A few weeks ago city crews showed up at St. John and Belmont and began jackhammering and removing the crumbling sidewalk edge on the north-east corner of the intersection.
This infrastructure driven news-dog was pleased that the aging sidewalk was being addressed by the city. The bare dirt sat for a week or so, surrounded by yellow caution tape, some orange cones and a couple street barricades, ostensibly to keep people from wandering in and playing in the dirt. About a week later, crews arrived with a cement truck and poured a new concrete corner sidewalk complete with the little rubber nubby things for traction. One would think in the nation’s “Smartest City” this would be the end of the story, right? Sadly, no.

Last Tuesday a small army of city trucks showed up, five to be exact, carrying eight or nine workers in a stunning example of overkill and proceeded to jackhammer and remove the newly poured and finished concrete corner sidewalk pad. It was summarily pulverized and loaded in to trucks and carted off to the landfill. Two days later, another crew showed up and poured new concrete where the old, new concrete was poured nary a week prior. City workers skimmed and floated it, installed new rubber nubby things and left the scene once again surrounded by caution tape and barricades. Yes folks, your tax dollars at work.

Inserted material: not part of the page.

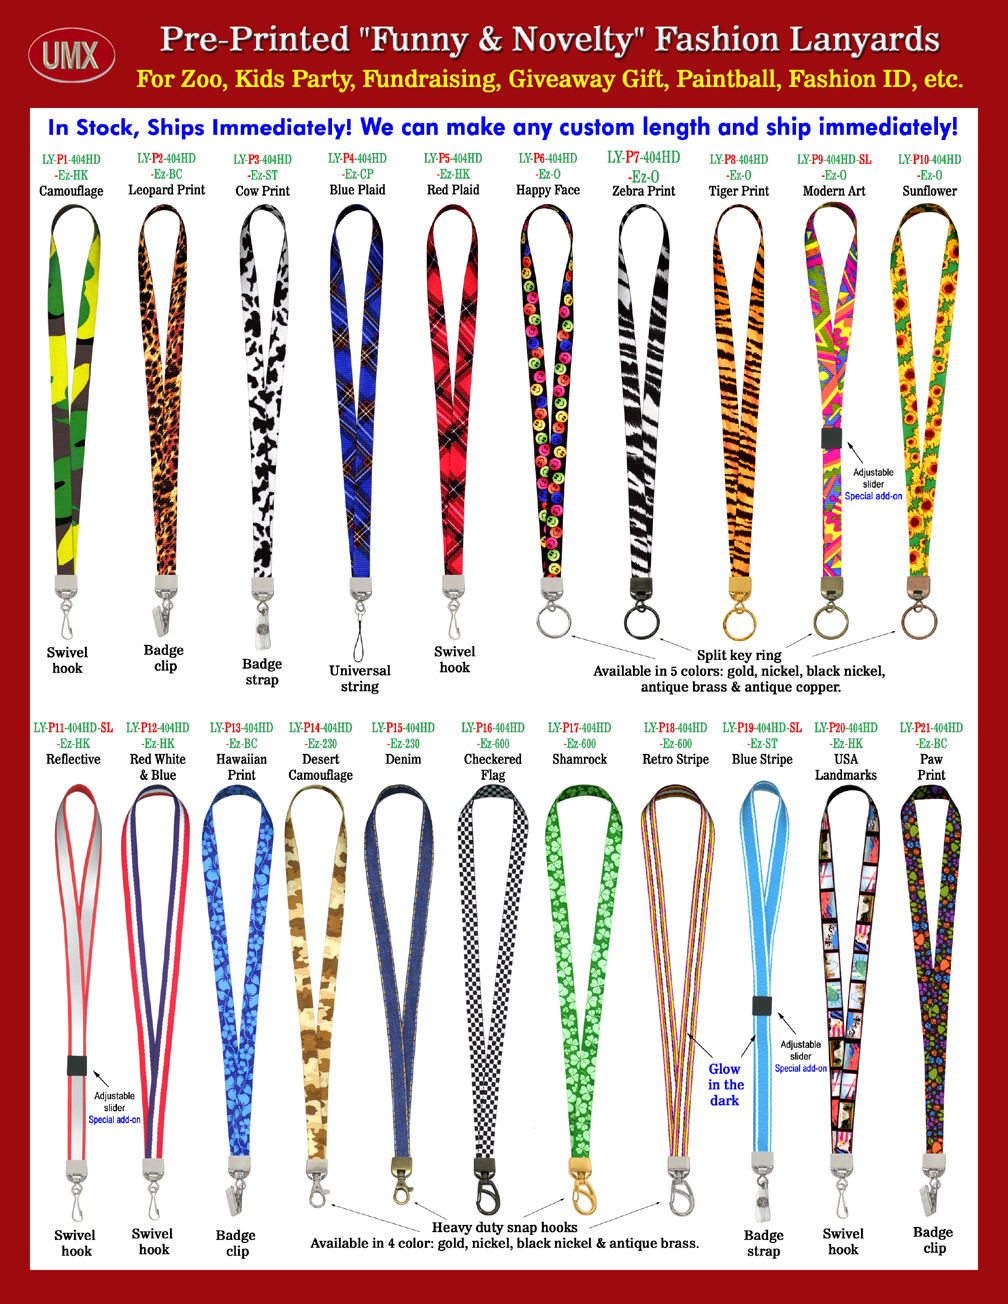 Funny lanyards and novelty lanyards are always a good alternatives to wear for fun.
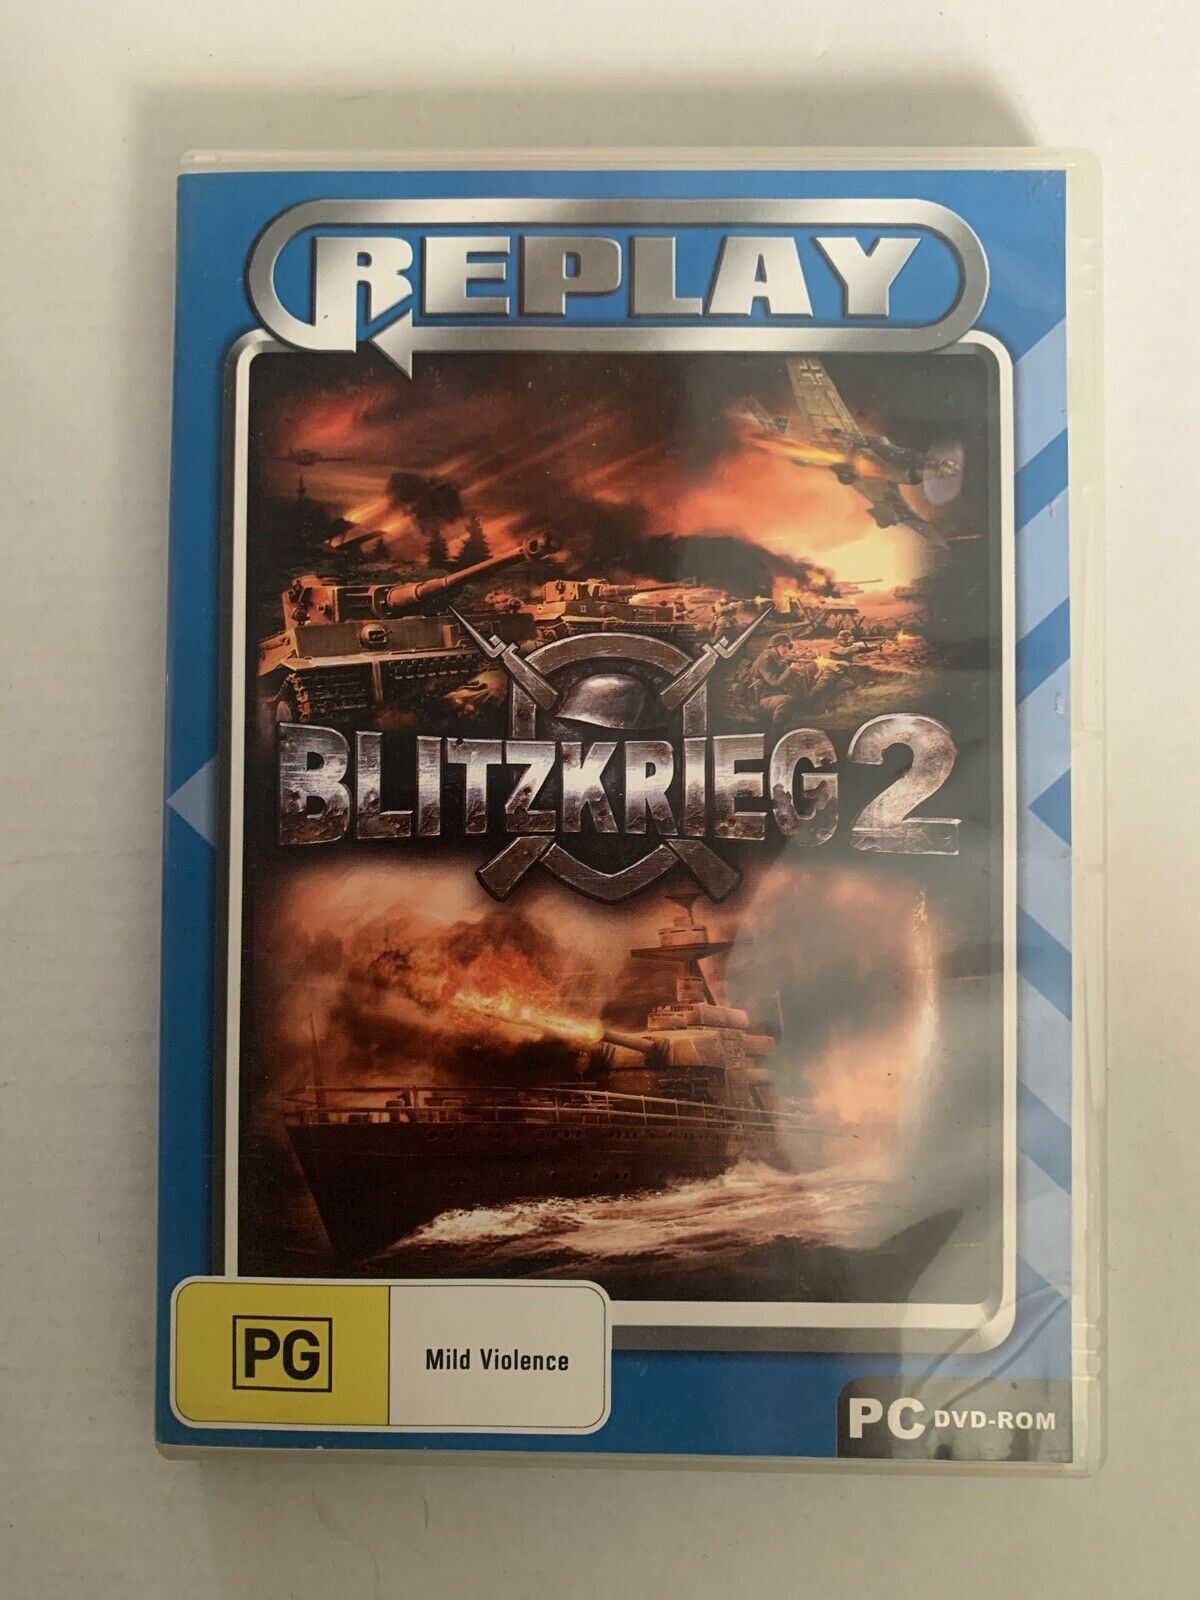 Blitzkrieg 2 (PC, 2005) - WWII Real-time Strategy RTS Game

Only in this city, where legacy projects take precedence over basic infrastructure needs, would a city crew jackhammer out brand new “old” concrete and replace it with newer, new concrete. Sadly this is the norm and not the exception. Time and time again this critically thinking news-dog has witnessed city crews sit idle in their trucks, sleeping or surfing the net on their phone for hours on end and draw union scale wages for doing absolutely nothing. The replacement of roughly week-old concrete, however, is a new low even for this keen-eyed canine.
There’s an old adage in the trades industry: “Measure twice, cut once.” Maybe, just maybe, if city Public Works supervisors employed this mantra, our tax dollars might be better spent. We’re not holding our breath though as we wait for another crew to come jackhammer out the new concrete again.